"No segundo volume, von Trier aborda pragas de nossa época, como
o politicamente correto, as terapias para curar o “vício do sexo”, a
paranoia com a pedofilia
José Geraldo Couto, do Blog do Instituto Moreira Salles, via Outras Palavras / Portal Fórum
Com a exibição do “segundo volume” de Ninfomaníaca, é
possível ter uma ideia mais clara da ambição de Lars von Trier. E ela
não é pequena. Visto em seu conjunto, em suas quatro horas de duração, o
filme, mais que um inventário de perversões sexuais, pode ser visto
como uma tragicomédia feroz sobre (ou contra) a normatização do desejo
em nossa época.
A protagonista Joe (Stacy Martin/ Charlotte Gainsbourg) é uma
aberração porque não se enquadra nas normas. Ao não saber onde colocar o
desejo, ela o dissemina por toda parte, como uma criança às voltas com
sua sexualidade polimorfa.
A segunda parte dá continuidade ao mesmo esquema narrativo da
primeira: Joe, já madura, castigada pela vida, rememora sua acidentada
trajetória para o solitário e casto homem que a recolheu na rua,
Seligman (Stellan Skarsgard).
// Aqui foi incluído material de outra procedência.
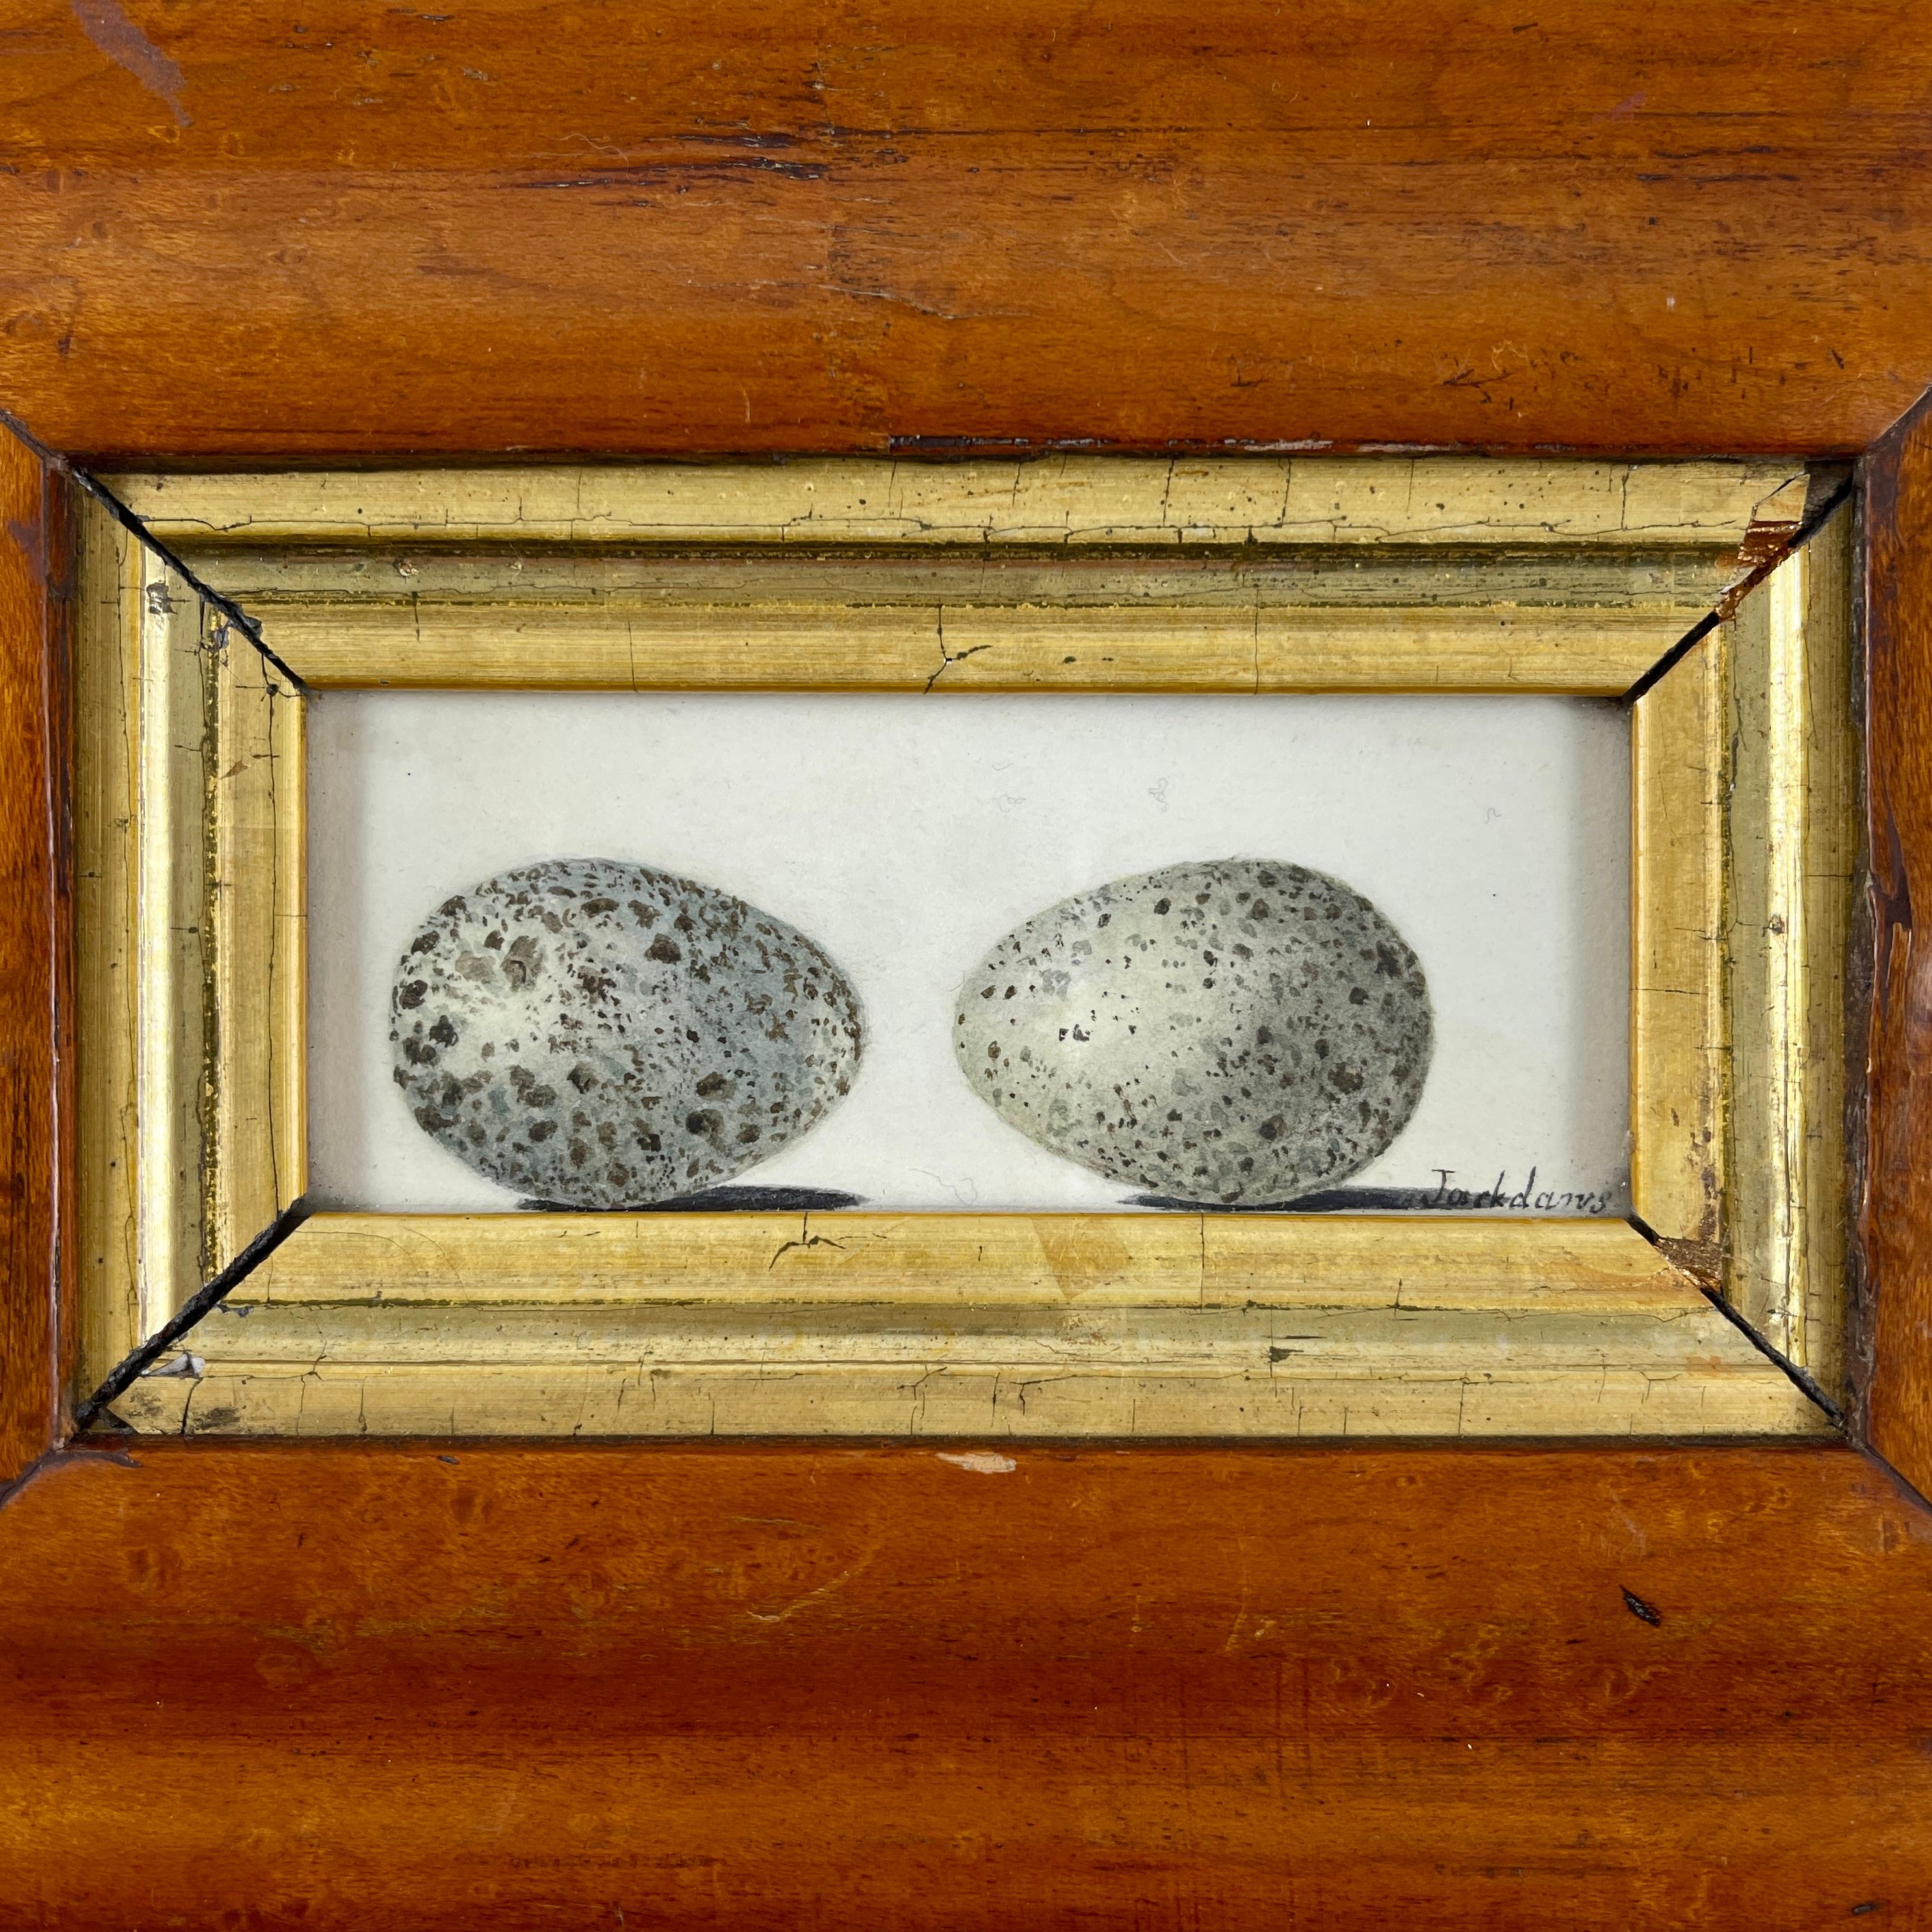 Ein Original-Aquarell der Britischen Schule aus der Regency-Periode, das zwei Vogeleier zeigt und in einen Rahmen aus Vogelaugenahorn aus der georgischen Periode eingefasst ist - um 1835.

Diese Aquarelle wurden hauptsächlich von jungen Mädchen

Ao jorro de experiências dela, mostradas
em flashbacks, ele tenta contrapor ensaios de ordenamento e construção
de sentido, conforme escrevi aqui a propósito do “primeiro volume”.
Acúmulo e depuração
Nesta segunda metade, além de apresentar momentos importantes do
percurso de Joe (a maternidade, o experimento masoquista, a tortura),
von Trier passa em revista – ou melhor, arrasa – pragas de nossa época
como o politicamente correto, as terapias para curar o “vício do sexo”, a
paranoia com a pedofilia.
A par desse acúmulo (de histórias, de assuntos, de situações), há
paradoxalmente uma depuração: fica mais claro do que nunca que Joe e
Seligman são duas faces da mesma moeda – o excesso e o comedimento,
pulsão e a sublimação –, ao mesmo tempo opostos e complementares em sua
solidão irredutível. Dois enjeitados que não encontram lugar na
sociedade “normal”. (Millôr Fernandes disse certa vez que, de todas as
perversões sexuais, a mais esquisita é a abstinência. Seligman talvez
seja a prova disso.)
Do ponto de vista da linguagem cinematográfica, o que salta aos olhos
é uma espécie de hibridismo sistemático, um jogo de contrastes
perseguido conscientemente pelo diretor, como se ele quisesse a todo
momento desmontar o que acabou de construir. Por exemplo: o tom de
parábola, que despreza a verossimilhança e o naturalismo das situações,
parece estar em contradição com a câmera instável, de documentário ou home movie, que mutila os seres e objetos e perde a todo momento o foco.
Alusões ao cinema
Outra antinomia frequente é a que se observa entre a gravidade e o
humor, ou antes entre a intensidade dramática e o distanciamento
irônico. Isso se evidencia, nesta segunda parte, nas inúmeras alusões ao
próprio cinema.
Por exemplo: quando diz que seu conhecimento do sexo se deu unicamente pela literatura, Seligman cita três livros – Decameron, Os cantos de Canterbury e As mil e uma noites –
que são justamente os que compõem a célebre “trilogia da vida” de
Pasolini, cujo erotismo jubiloso é o contrário do calvário de Joe.
Em outra passagem, von Trier chega ao requinte ou desfaçatez de glosar um filme dele próprio, O anticristo,
ao repetir a mesma cena do menino que se levanta do berço à noite para
ver a neve, trepa na mureta do terraço e… O desfecho diferente é uma
derrisória piscadela ao espectador.
E quando a protagonista, na reunião das “viciadas em sexo”, se apresenta dizendo “My name is Joe”, é impossível não pensar no filme homônimo de Ken Loach, sobre um alcoólatra em recuperação.
Em meio a essa teia de referências (que incluem a música e as artes
plásticas), von Trier encontra espaço para produzir momentos de potente
poesia, dos quais o mais significativo talvez seja a cena em que Joe
encontra a “sua árvore”, uma árvore “bela, áspera e intratável” como o
cacto do poema de Manuel Bandeira. Ou como a sexualidade de Joe."